As noted by progressive hip-hop MC Talib Kweli in his voiceover, Carmichael emerges here as a “regular guy” who also happened to be a incendiary and mesmerising speaker – one still so provocative that Kweli recalls being accosted by FBI and TSA agents at an airport after 9/11 for merely listening to a 40-year-old Carmichael speech. Some may take Kweli’s intimation of wiretaps as conspiratorial and apocryphal, but no-one familiar with Hoover’s paranoia and surveillance of black progressives will be among them. (The biggest laugh in the film comes from Hoover’s claim that the most dangerous threat to the internal security of the United States was the Black Panther party’s free breakfast program. But Hoover was not joking.)
The progress of the film is also a tacit record of the Panther’s off-screen dismantling by Nixon and Hoover’s COINTELPRO conspiracy against black leadership. The Panther’s demise by exile, imprisonment and judicial malfeasance is presented at a glance, but the Panthers expended all their political capital on the campaigns to Free Huey Newton, Bobby Seale and Angela Davis.
Davis’s prison interview here offers the most astute and moving rationale for extreme black retaliation to American racial extremists. When asked to justify the advocacy of black violence, Davis recalls her childhood experience of her Birmingham, Alabama community being routinely bombed by Klansmen at the behest of notorious county sheriff Bull Connor. Davis recalls this motherfucker using local radio to promote and direct such violence on a weekly basis. The extreme close-up of her angry, watering eyes when she speaks of the discovery of four classmates’ body parts after the infamous 1963 Birmingham church bombing provides all the justification for retribution any rational person should need.

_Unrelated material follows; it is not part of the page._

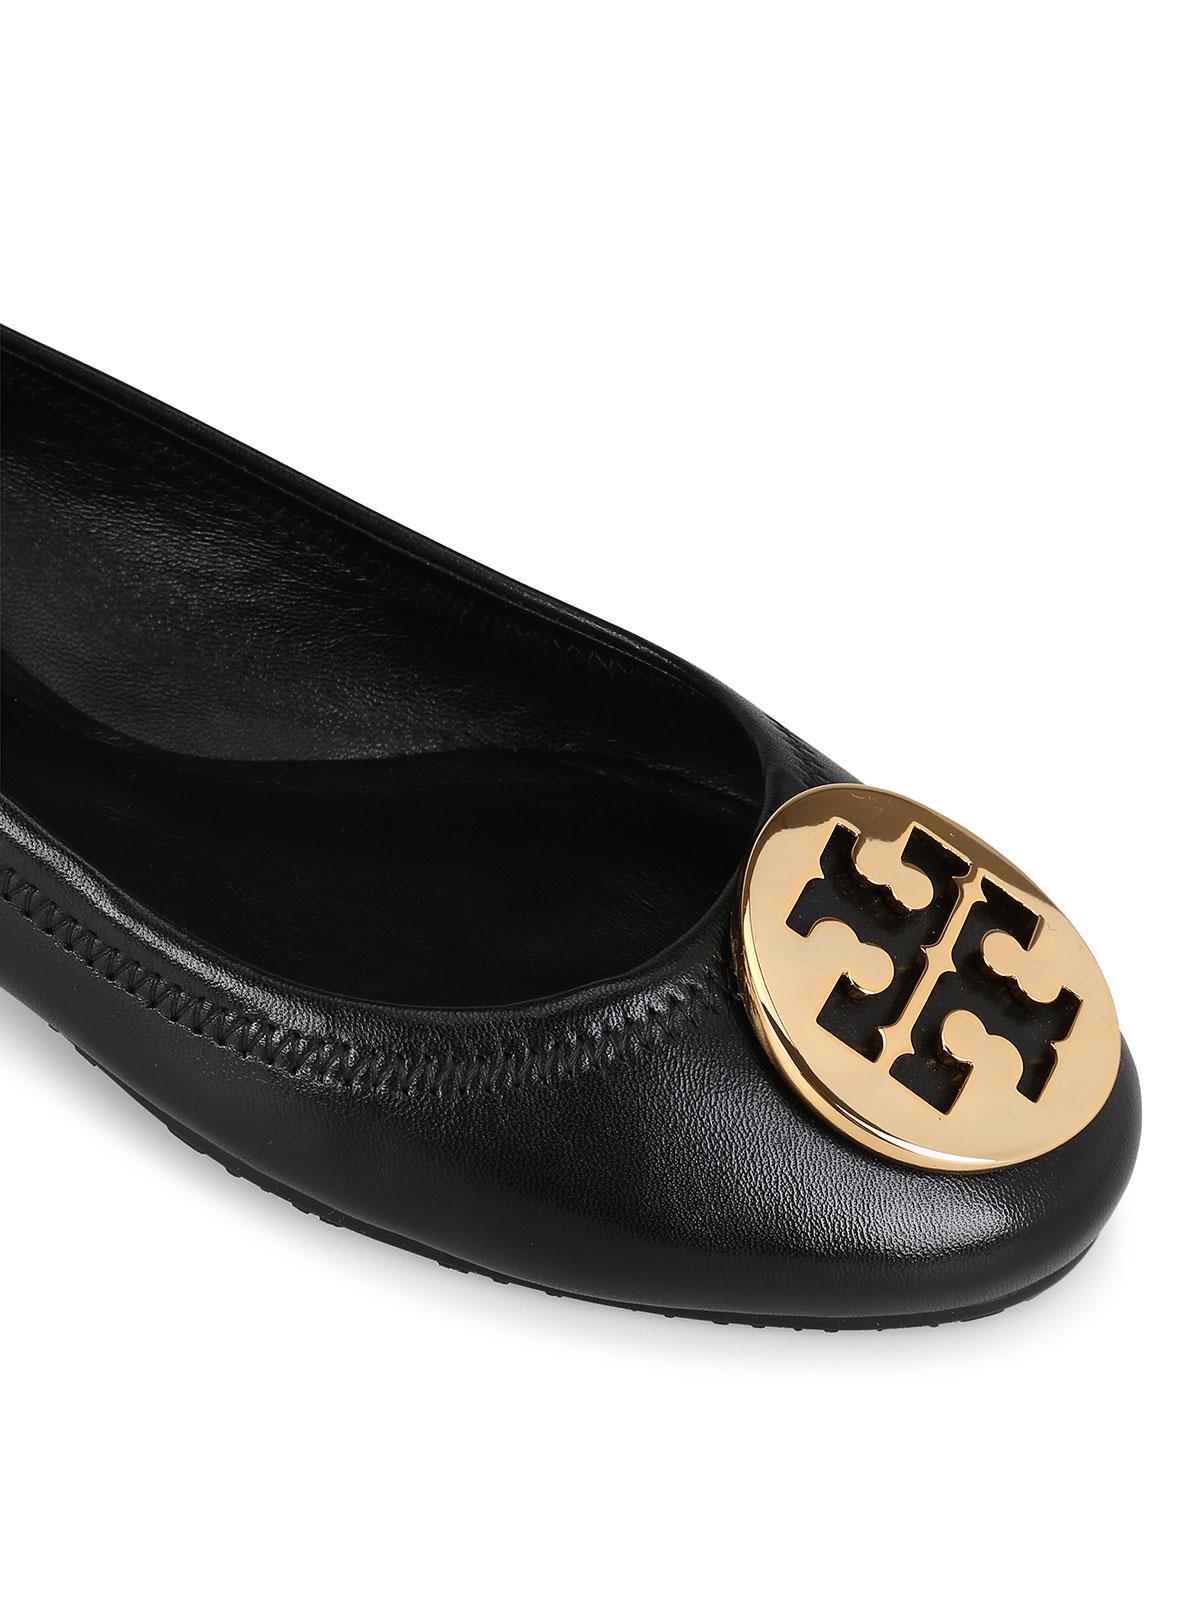 iKRIX Tory Burch: flat shoes - Reva Ballet Mestico flats
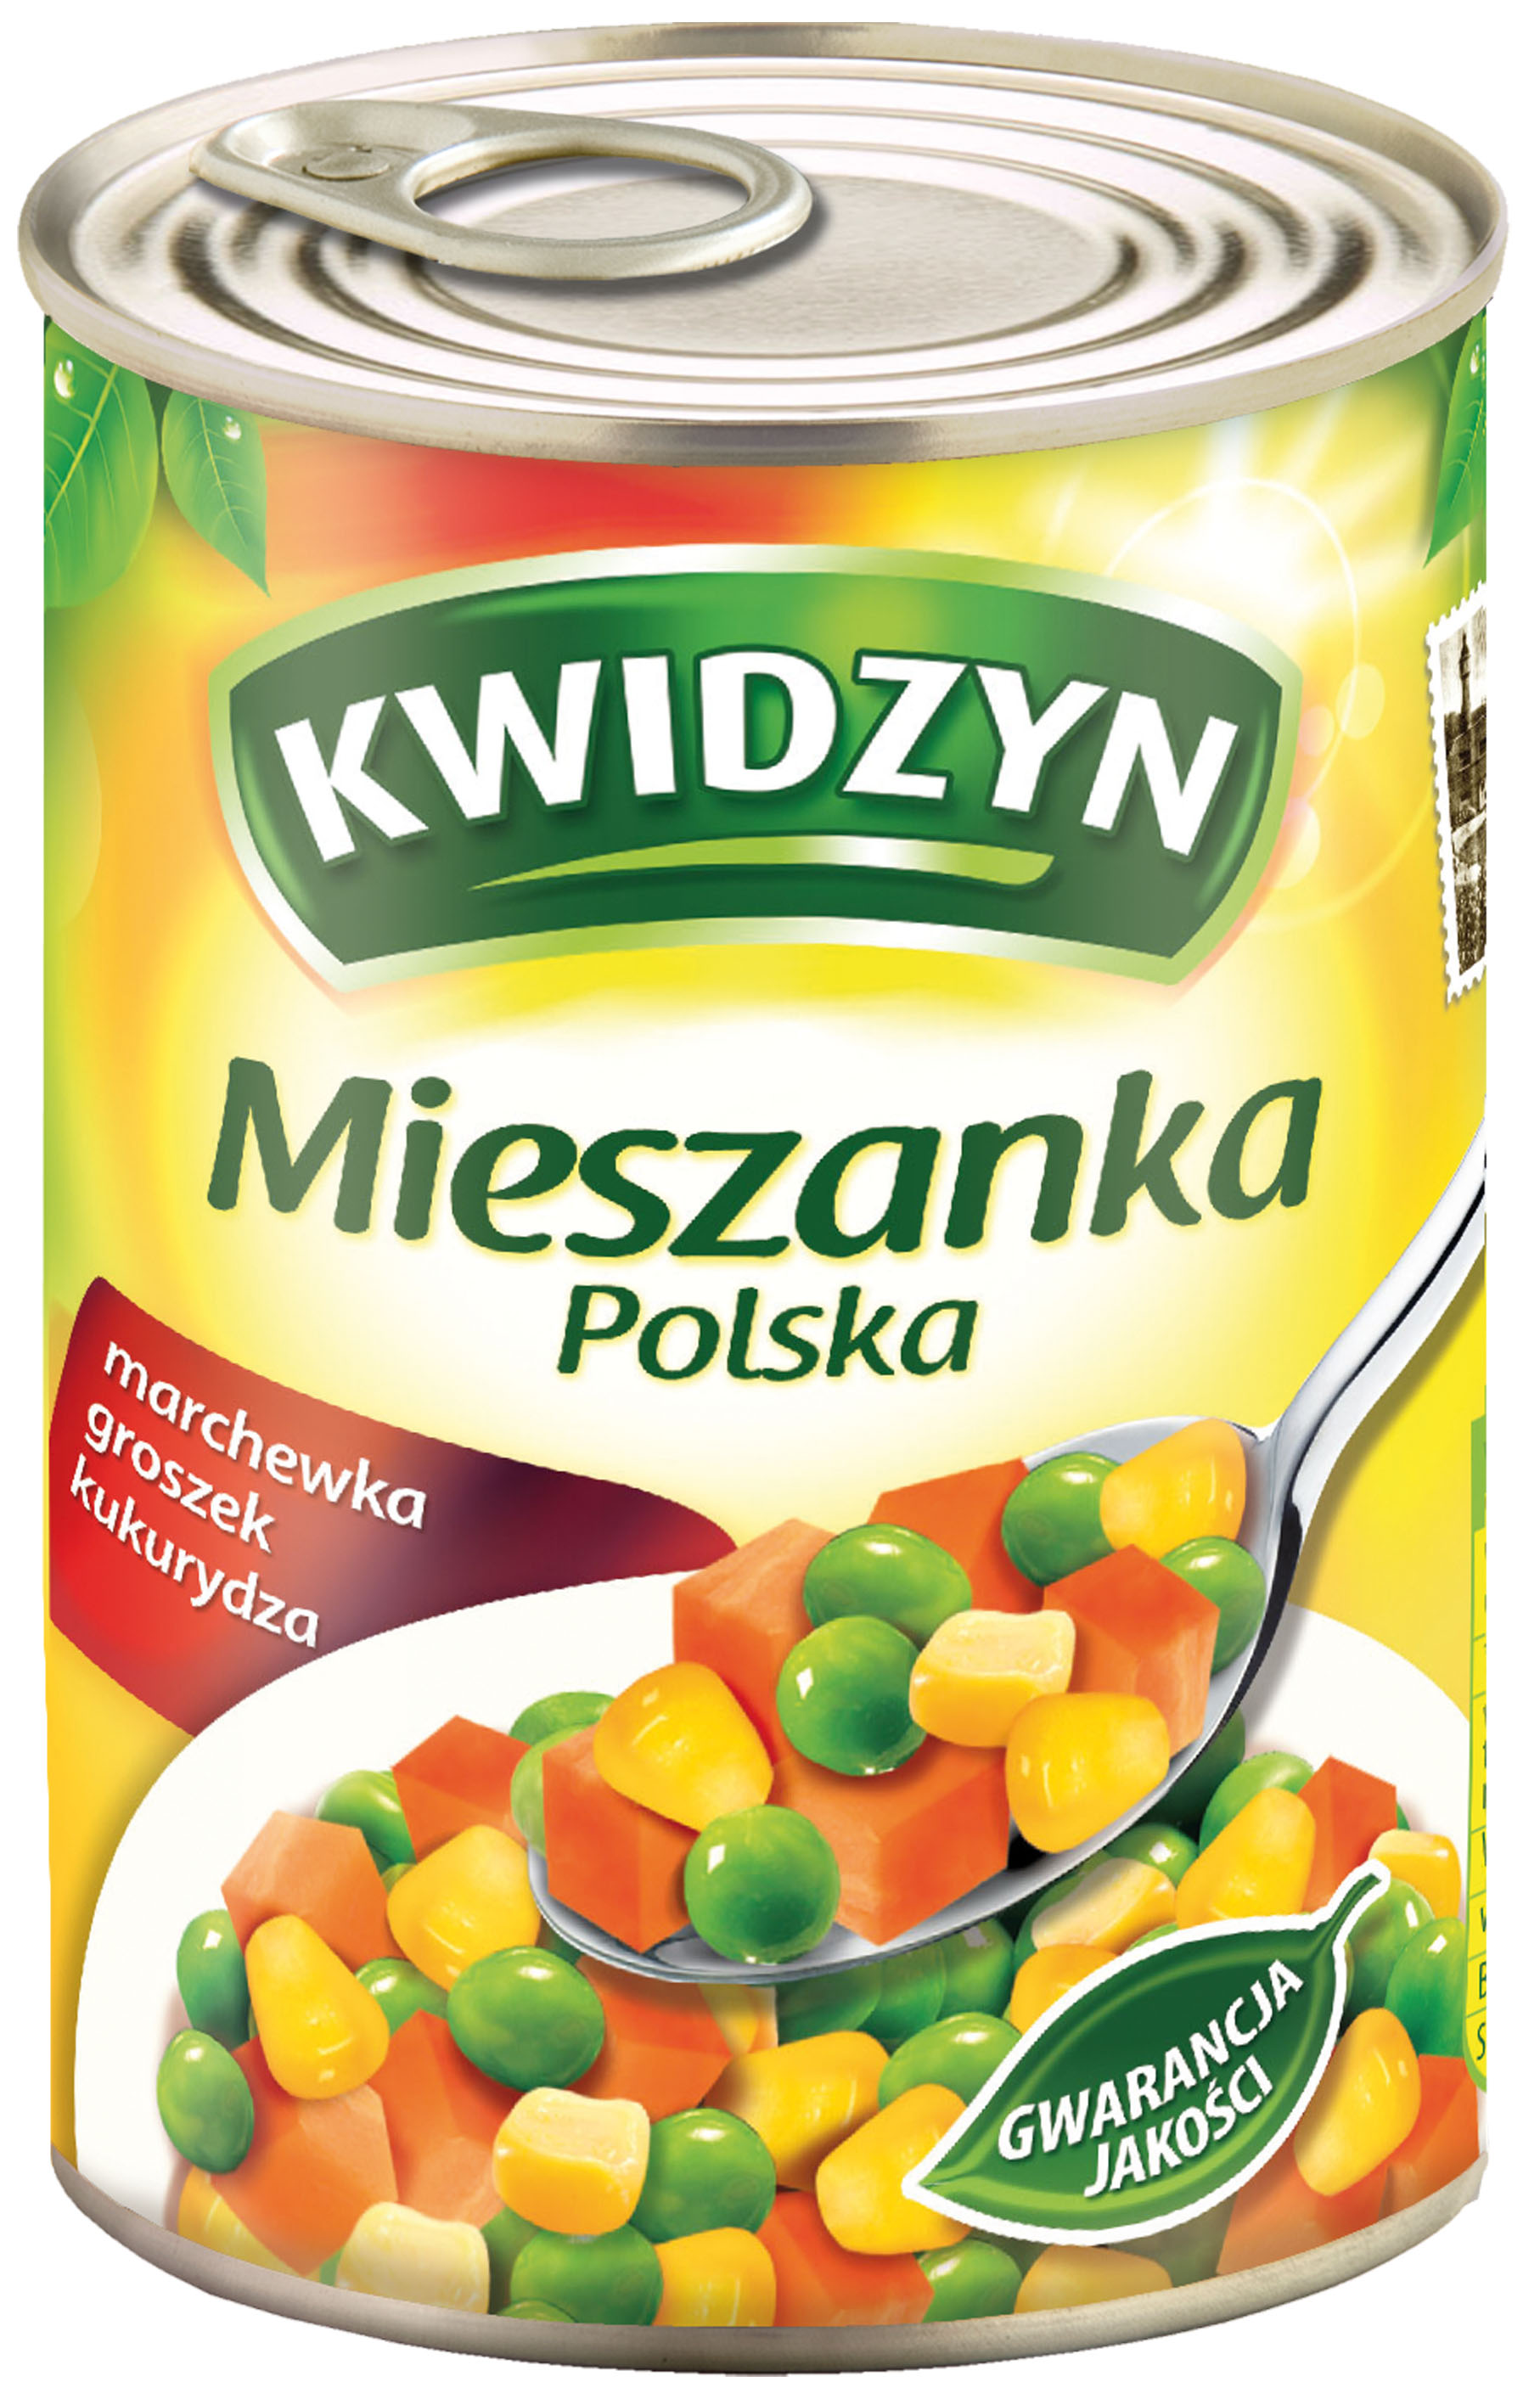 mieszanka polska 400g1

Davis also emerges as the figure from that time still alive, active and significant to her community today. Hip-hop MC and folksinger John Forte, who came to prominence in the mid 1990s with The Fugees, spent eight years in federal prison on drug-trafficking charges. He recalls how Davis’s advocacy for the abolition of the American prison system was a text he often shared with fellow prisoners.
We can assume the Swedish documentarists’ coverage and interest in black America ended in 1975, along with America’s war against Vietnam, once their gloomy focus had turned to the devastation high-grade heroin was wreaking on Harlem. The film’s final interview, with a cherubic woman barely out of her teens overcoming a former life of addiction and prostitution, captures the bleak promise left among the ruins of the movement.
International media wouldn’t return with much vigour to reporting on black America until hip-hop and the crack epidemic created a new generation of fiery progressives, and made urban America’s misery index appear again newsworthy enough to warrant the world stage.